As a conclusion of law from the special verdict this general verdict was unwarranted. It was inconsistent with the special verdict, and the Court should have disregarded it, and given judgment for the plaintiffs upon the special verdict against those of the defendants in whose favor the Statute of Limitations had not run. This it did not do, and the judgment which it rendered in favor of those defendants was erroneous.
[30]*30Moreover, there was no conflict of evidence upon the question of the respective ages of the plaintiffs at the commencement of the action—one of them was a minor, under the age of twenty-one years, and another, one year older than the age of majority—and the jury so specially found. As the law of these facts the Court gave the jury the following instruction, namely: “The Statute of Limitations does not run against a male until he has reached twenty-one years of age, nor against a female until she has attained eighteen years of age. This statute, therefore, has not commenced to run against said Martin Aguirre, he being a minor, and can not have been in operation against the other plaintiffs for a longer period than the time which has elapsed since they attained their majority; but in no event can the Statute of Limitations have been in operation against the plaintiffs unless they have been actually ousted in the manner already described, and then only from such ouster.”
It is evident that the jury entirely disregarded this instruction, for they returned a general verdict against the plaintiffs. But it is said that the verdict is right and the instruction was wrong, because the Statute of Limitations runs against a minor as well as against an adult. Whether the rights of minors are barred equally with those of adults is a question which need not, under the circumstances, be determined. The fact with which we have to deal is, that the jury by their verdict disregarded the instruction of the Court; and, for that reason alone, it was the duty of the Court to set aside the verdict, whether the instruction was right or wrong. (Emerson v. Santa Clara County, 40 Cal. 543.) Ad questionem facti non respondent judices; ad questionem legis non respondent juratores.
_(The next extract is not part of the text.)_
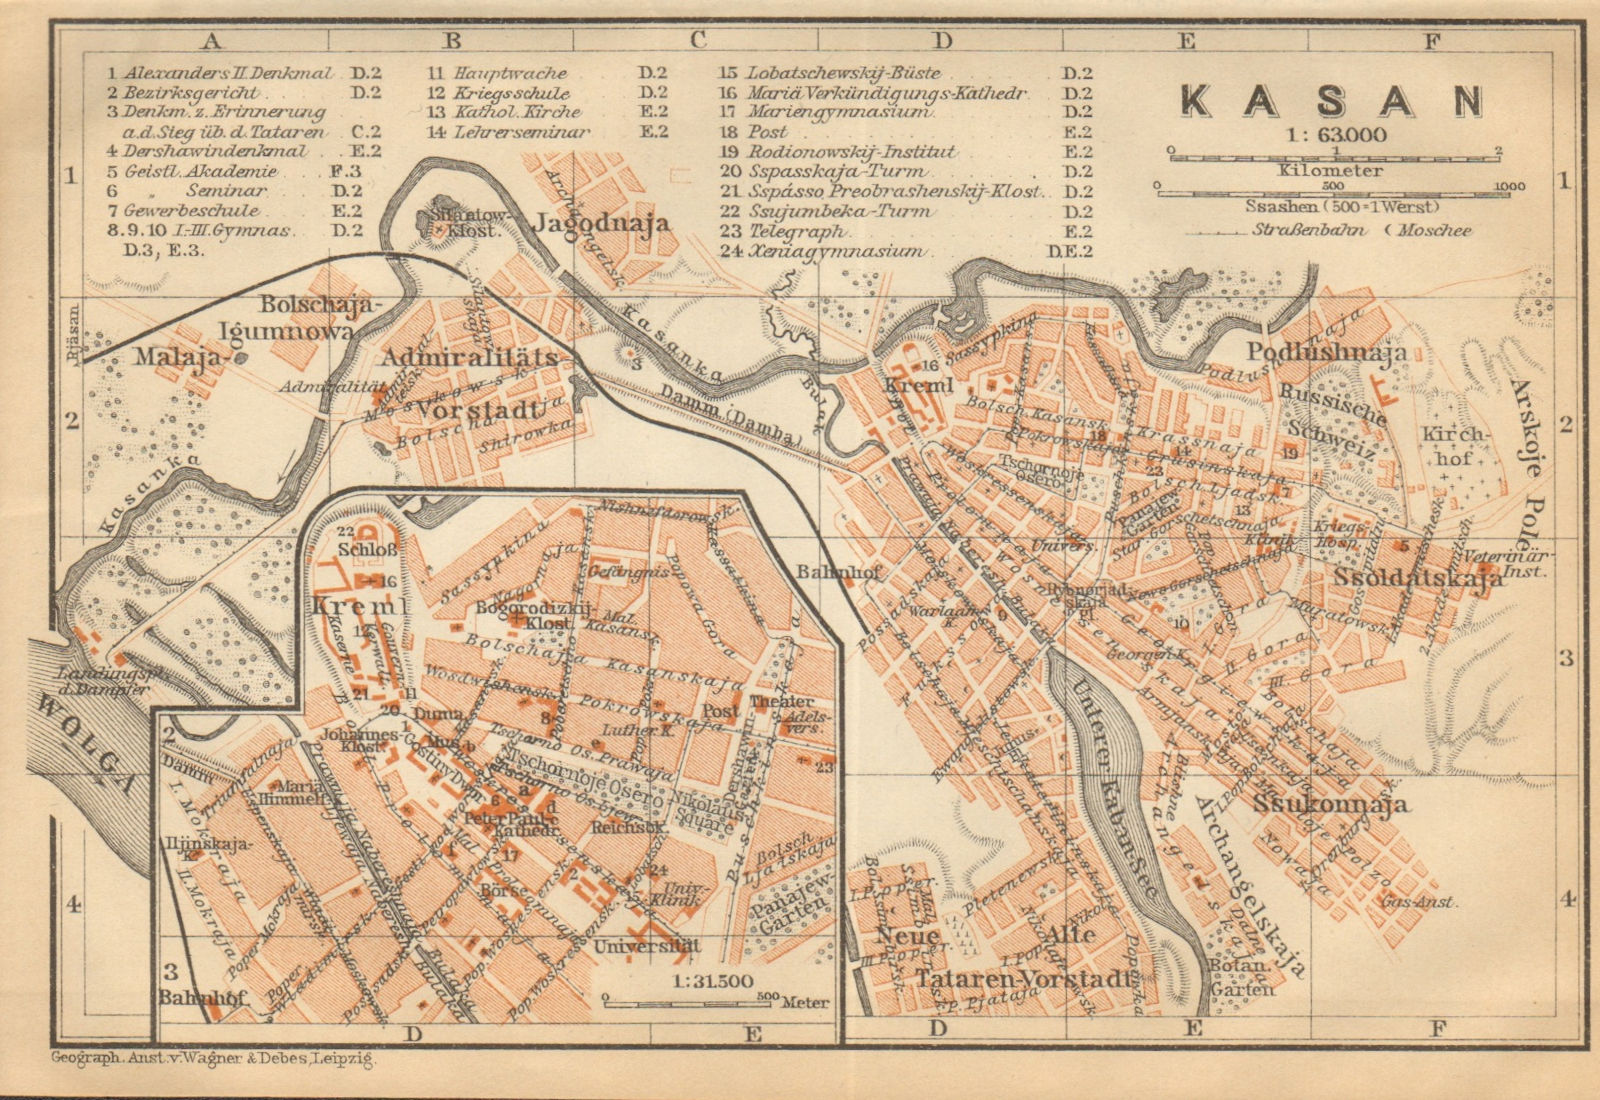 Associate Product Kazan town/city plan. Russia. Kasan. BAEDEKER 1912 old antique map chart

At the request of defendants’ counsel, the Court also gave to the jury some nine or ten instructions upon the question of the construction of written instruments. These, as abstract legal propositions, were, in the main, correct; but they were not pertinent to any issues of fact to be found by the jury, and for that reason they should not have been given. There is no rule of law better established than that the construction of written instruments is a matter of law for the Court, and not of fact for the jury, unless when the meaning [31]*31and construction are doubtful and depend upon extrinsic evidence. But there was no evidence in the case which required the jury to pass upon the question, for the Court had construed the only deed in evidence in the case about which there was any controversy, by telling them that “ the deed conveyed only the premises therein specifically described; and that those who claimed under the deed had acquired no greater rights thereby than such as had been acquired by the grantee in that deed.” In thus instructing them the Court gave the proper construction to the description of the property conveyed by the deed, and the jury were bound to accept it as the law of the question. There was, therefore, no question before them about which the instructions given them in relation to the construction of written instruments were in any respects applicable.
Order reversed and cause remanded for a new trial.
Morrison, C. J., and Thornton, J., concurred in the order of reversal.